I once believed that there was something wrong with me. I was different from those around me on a level which I didn’t understand. I was scared. I was confused. I was deliriously happy, excited, full of energy, and lacking sleep and proper nutrition. I talked more than anyone I know and the words streamed from my mouth with no filter; straight out of my mind, with no regard for the outcome or the feelings and reactions of those around me.
I was living in Savannah at the time, attending high school. I was a freshman, so I was already anxious about meeting new people and stressed about getting good grades. There was more, though.
I had excellent grades, and was hyper focused. Teachers didn’t know how to respond to my special behavior. I wasn’t unruly. I just acted very oddly.
In my Algebra class, I sat on the floor and stretched my legs. I was paying attention, so the teacher let it slide. In my English class, my handwriting was all kinds of sloppy and covered in tears, but I understood concepts and was a bright student, so the teacher took no notice.
I was awkward and lacked certain social skills. I couldn’t connect fully with the kids in my class. I passed out Mardi Gras beads to students who seemed they needed me to “brighten their day,” including students I didn’t know. I quickly earned the name “Bead Girl.”
I carried a lunch box full of small toys with me to all of my classes. I put the moves on a couple of guys who had no interest in getting to know me better. Even then, I understood why. I felt–and thought– I was weird. Broken, even.
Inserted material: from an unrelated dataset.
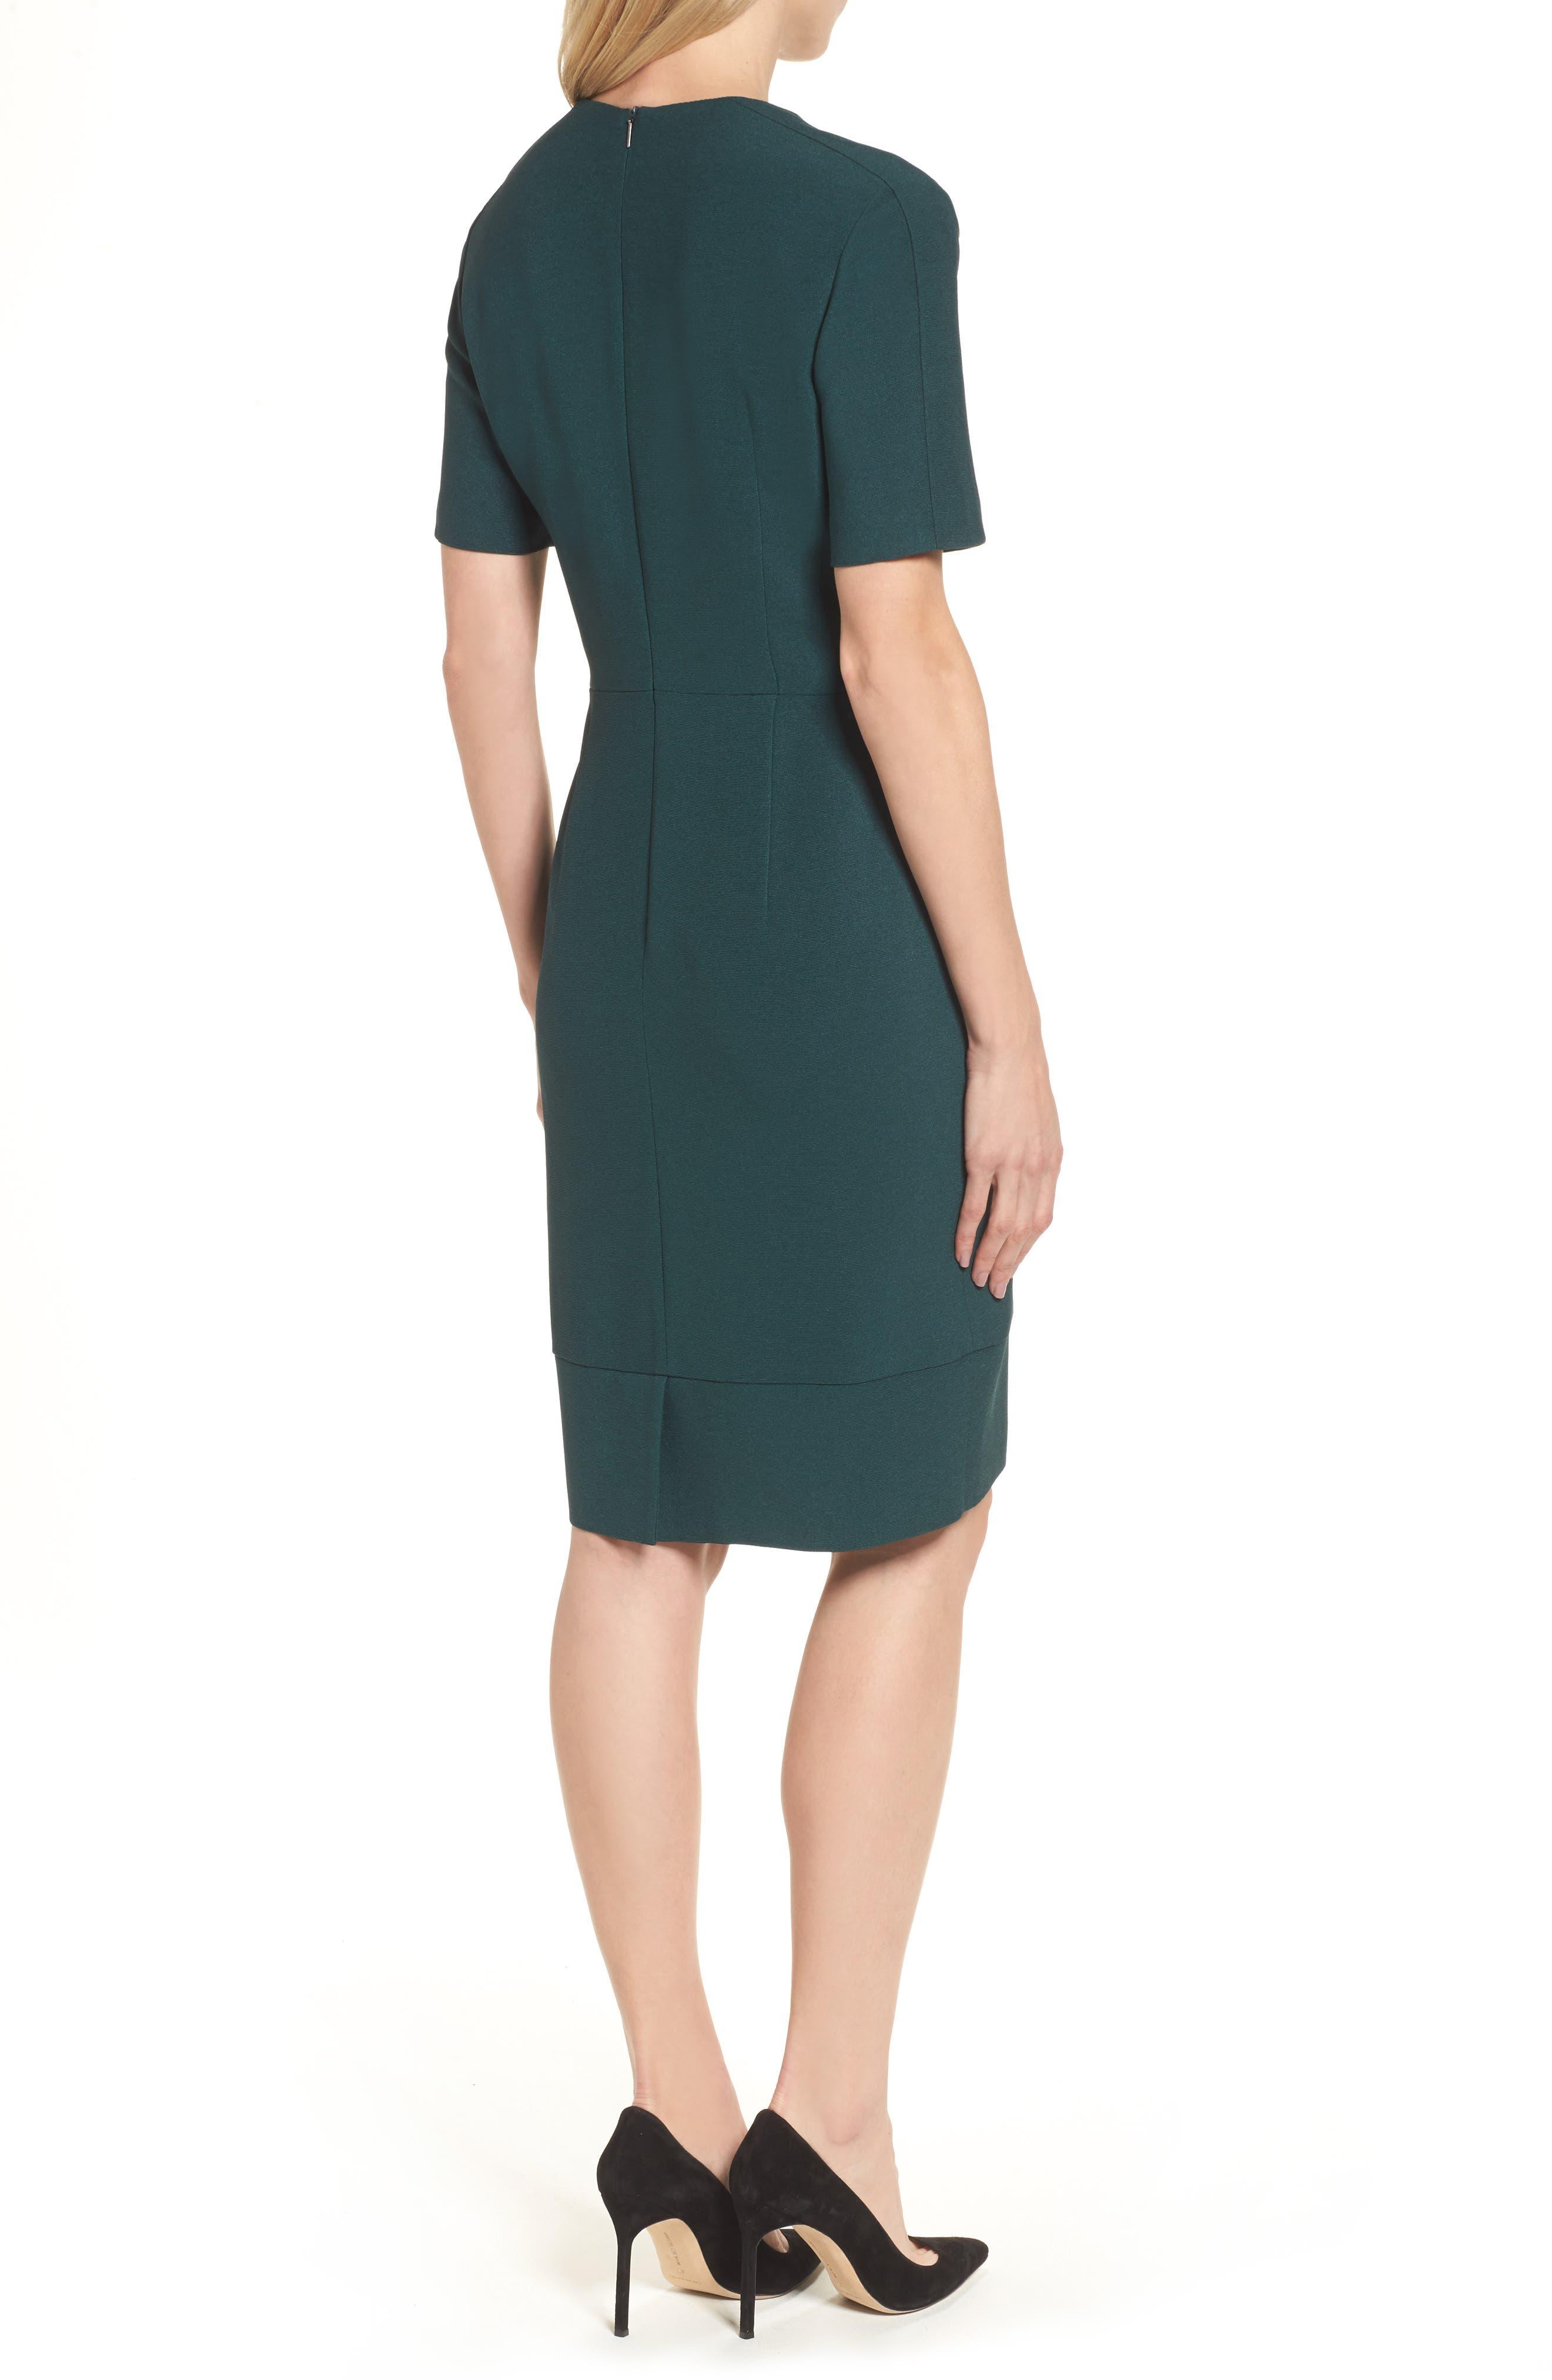 Dalesana Sheath Dress,                             Alternate thumbnail 2, color,                             Peacock Green

Once, I went to a soccer tournament with my team. None of the girls were super friendly to me, but by then, that was what I had come to expect. During a game, I was on the side lines and went to the concession stand. I asked the boy behind the counter if he would hold my tiara while I played my game. He asked me where I was from and I told him, “Heaven.”
When my coach did put me in the game, it was raining and the field was very muddy. I took advantage of that by doing somersaults with my playing time. I was quickly removed and placed on the side lines for the rest of the day.
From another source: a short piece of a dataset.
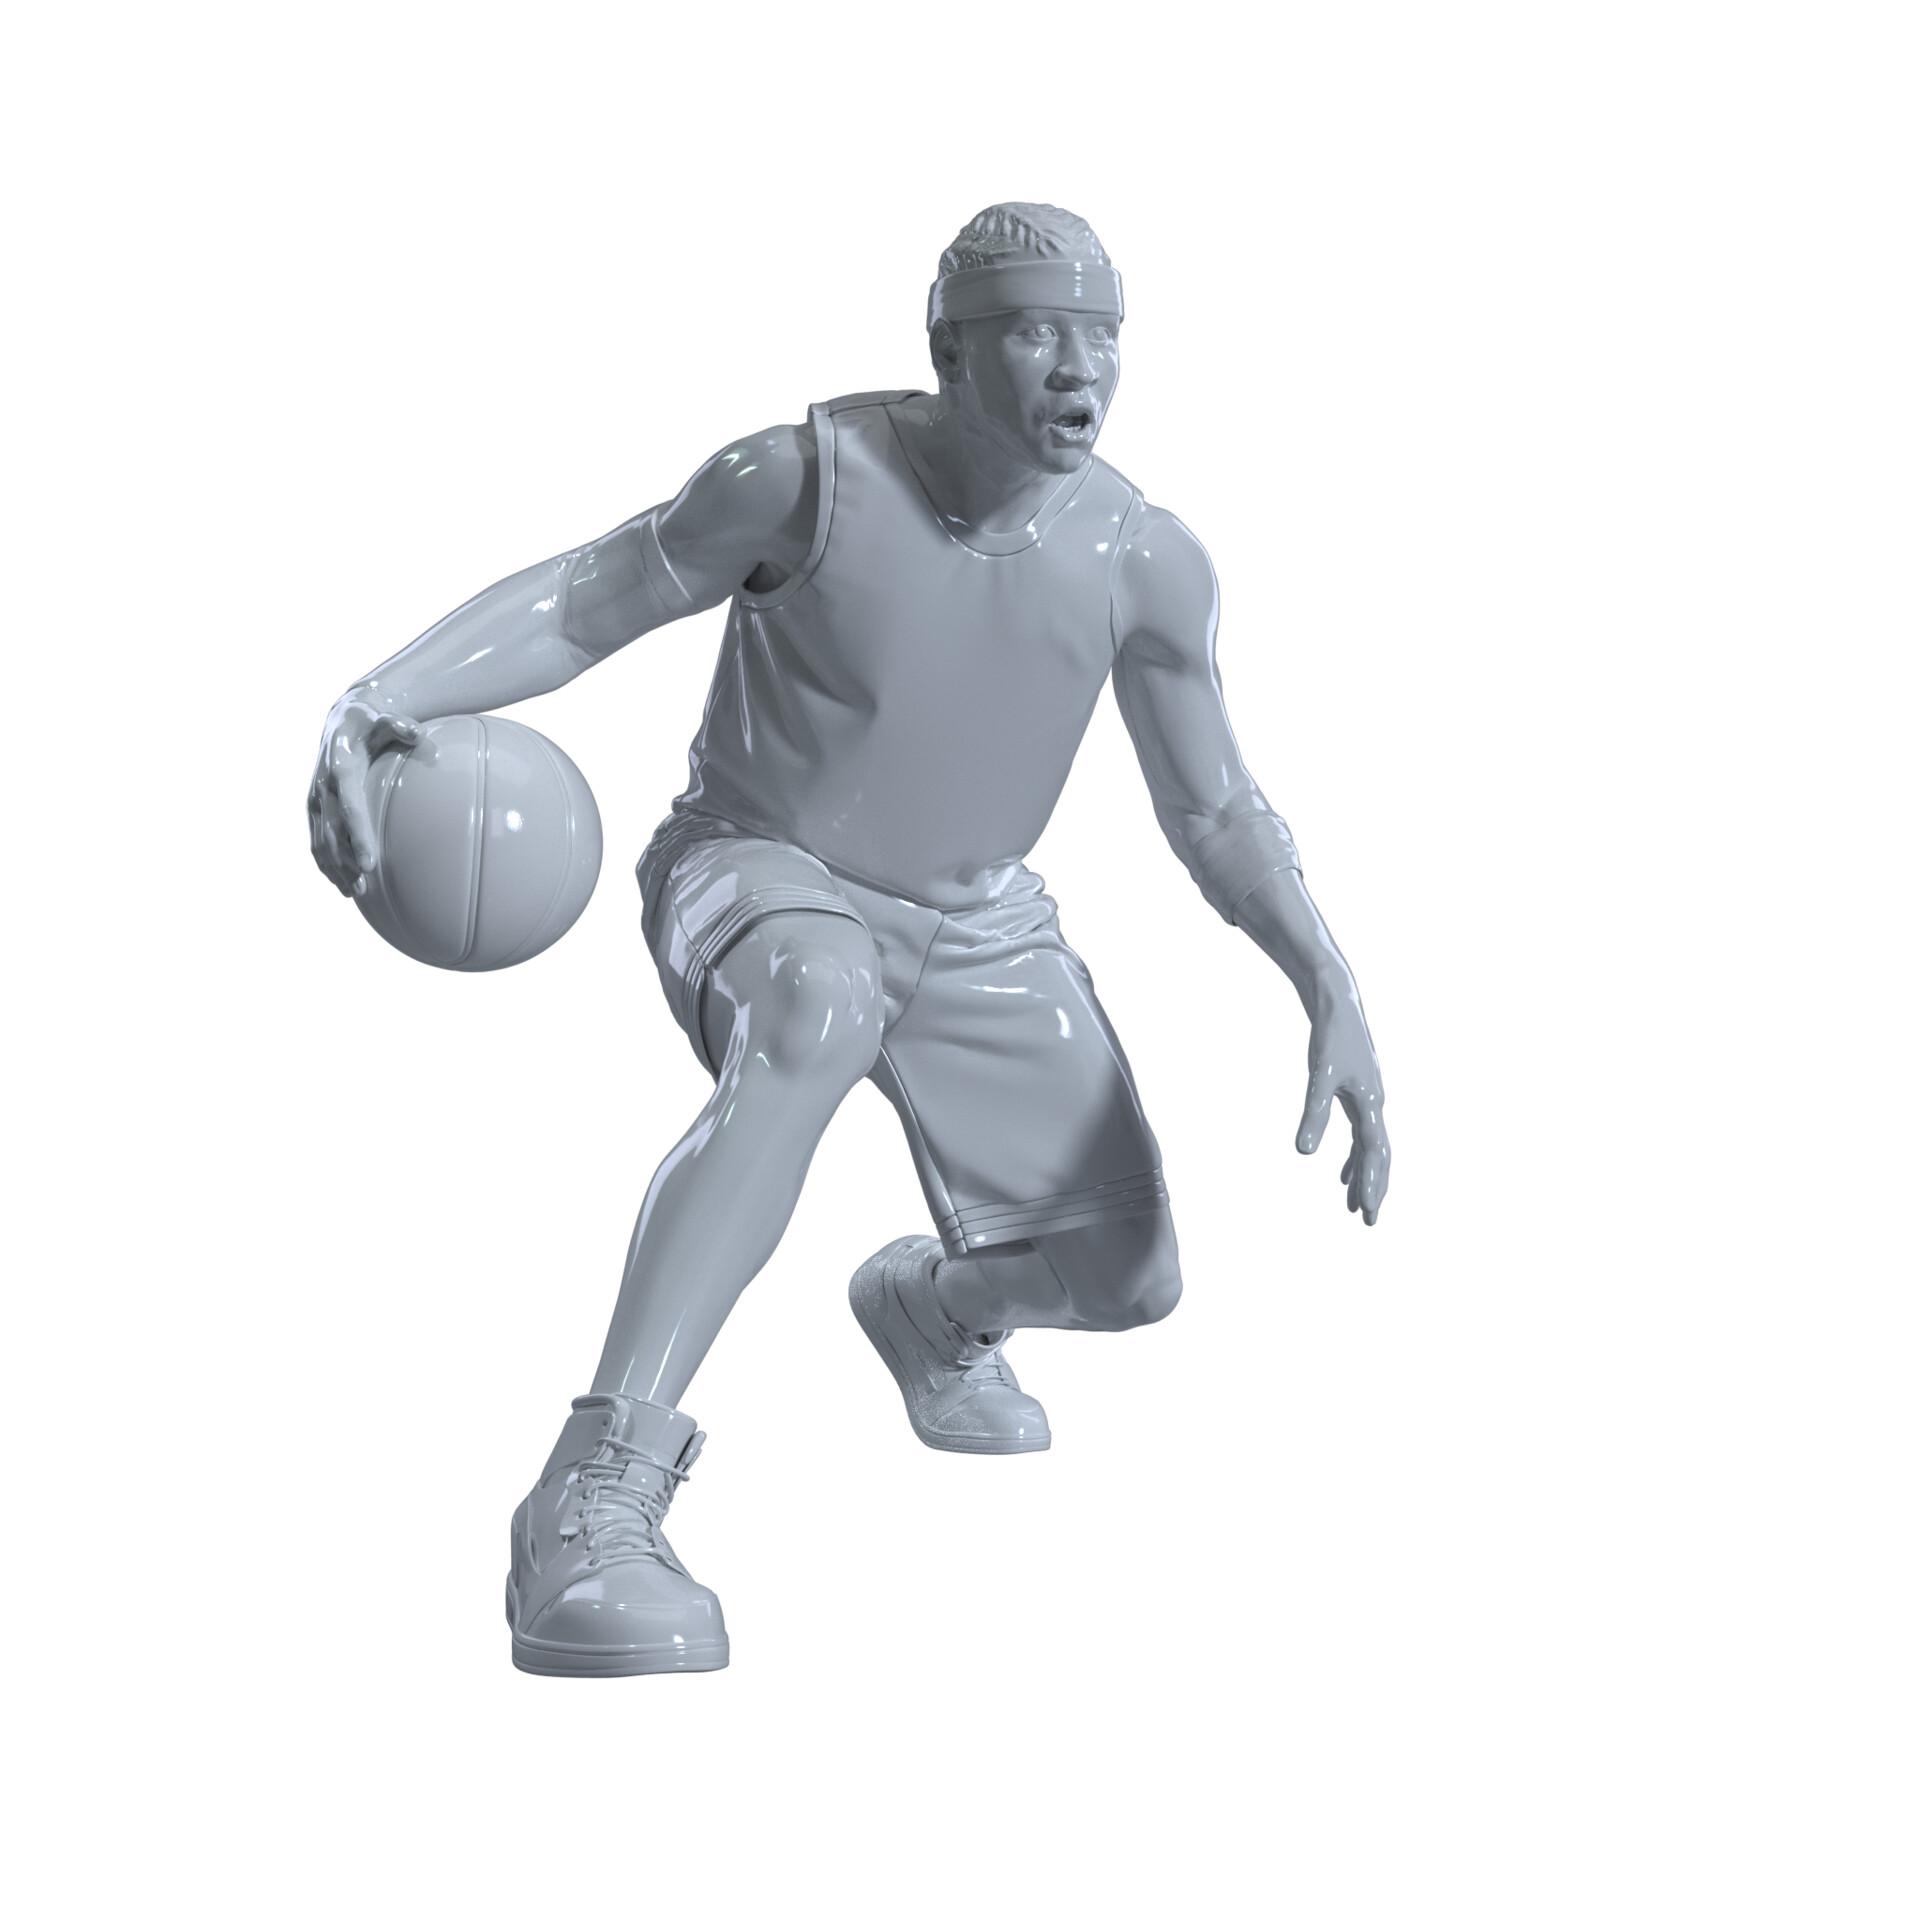 Fabrizio Bogado - ESPN - 3D modelling for NBA players

Time passed. I remained in the dark about what was going on with me, and then for a while I was stable. But that didn’t last forever. When the summer after my sophomore year in high school arrived, the presence of “Berman” surfaced once more. It was unbearable.
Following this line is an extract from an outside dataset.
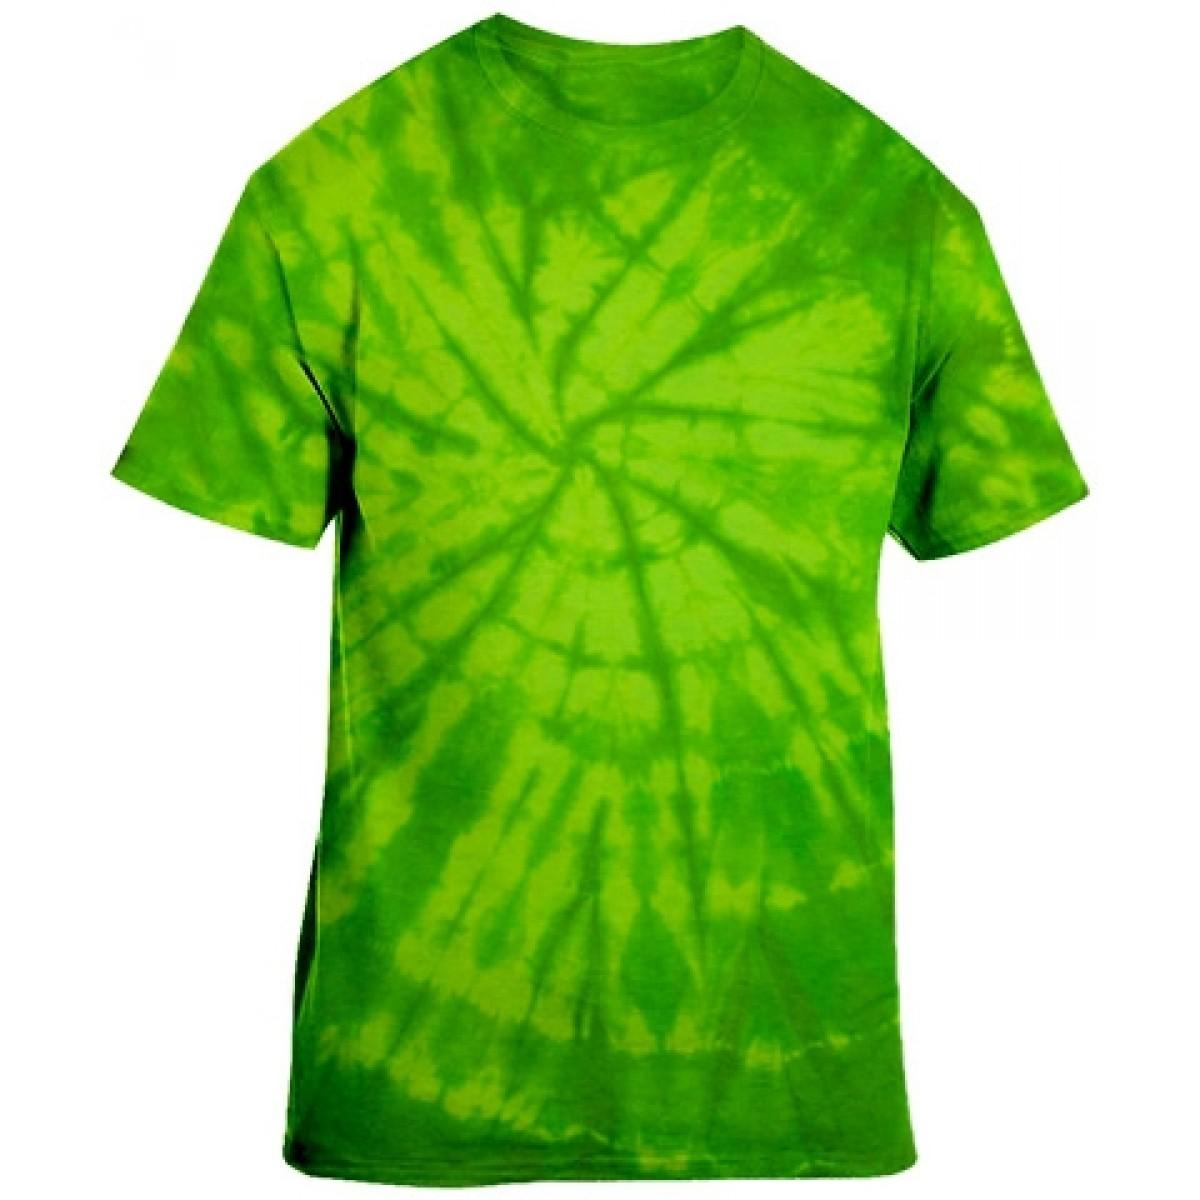 Tie-Dye Neon Green Short Sleeve-Neon Green-YL

My family and I decided to seek professional help, and I learned about psychiatry. I rode on the back of my dad’s motorcycle to the doctor’s office, and for the first time, I felt a glimmer of hope.
After a few minutes, the psychiatrist stamped a label on my head. I had Bipolar I Disorder! It was a thing! A real thing! A treatable illness! I finally found the answer to a long suffering problem. Relief like none I have seen before or since washed over me, filling me with the truth that I was not alone, and that there was really nothing wrong with me.
It has been a battle. There is no cure. But I can say that knowing is better than suffering alone or in silence. Remember who you are, and don’t let Berman win.